今回の問題でクローズアップされているのが数値化された検査データだ。環境基準値を上回る数値が検出されたことが問題となっているが、この問題はどの分野でも日常生活でも起こり得る問題ではないだろうか。

我々が社会生活を行う上で評価基準となるのが数値だ。会社への貢献度を測る指標として売上が数値として判断されたり、学校では5段階表示された数値で成績の優劣が判断される。

また、その人を測る数値として年収や友人の数を評価基準にしている人も多いだろう。

数値が判断基準になるには理由がある。それは分かりやすいからだ。一目瞭然で優劣の判断を付けやすいことから、社会生活とは切っても切れない評価基準となったのだろう。

数値だけに頼る危うさ

しかし、数値データを過信することの危うさを豊洲移転問題が

今までの良いデータは何だったのか?このような意見が多かった点が数値だけの評価が危険であることを物語っている。

今回の水質検査で悪い結果を提出した検査会社は、先の7回の調査とは別の会社が実施している。悪い結果が出た際、社内でも議論になったことだろう。まずは悪いデータを測定者自身が疑い、データの信憑性を確認する作業に入るだろう。地下水のくみ上げ方に問題はなかったか、検査工程に問題はなかったか、その他の点で、以前までの調査方法との相違点などを入念に洗い出したと思う。その結果を踏まえて悪いデータを提出したと思う。

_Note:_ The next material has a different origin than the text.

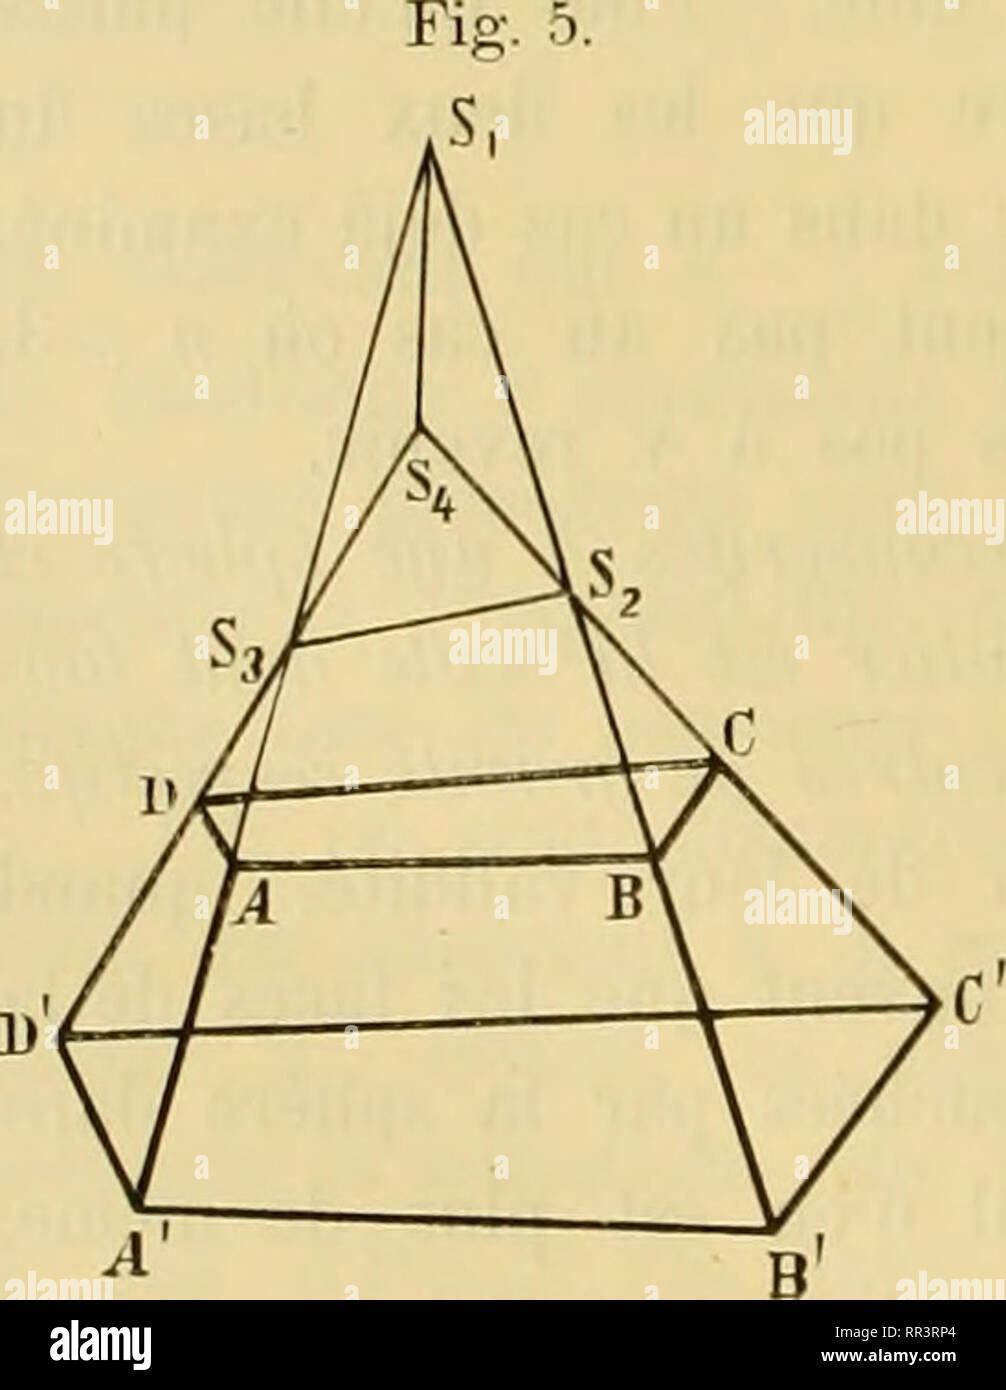 . Acta Societatis Scientiarum Fennicae. La scienza. 28 L. Lindelöp. T. XXIV. térale, à une pyramide quadrangulaire, laquelle peut, aussi bien que le prisme triangulaire régulier, remplir les condizioni dont il s'agit. Hexaèdre dont toutes les facce sont des quadrilatères. 16. En prenant à volonté une paire de facce opposées pour basi, nous envisageons les quatre autres comme facce latérales et leurs piani piani comme latéraux. Sauf dans des cas particuliers, dont il sera questione plus tard, ces quatre piani déterminent en général tétraèdre delle Nazioni Unite. Quant à la disposition de Celui-ci, il faut distingu Foto Stock

悪いデータを公表することは良いデータ以上に労力が必要になるし、精神的にも辛い作業になる。今回の水質データ公表においても関係者は苦慮したと思う。

そんな苦労とは裏腹に悪い数値として今回のデータも取り扱われている。そこで問題となるのが数値における判断基準である。悪いデータが出て初めて良いデータが疑われる。水のくみ方の問題や検査方法の問題など悪い数値が出て初めて議論の対象となった。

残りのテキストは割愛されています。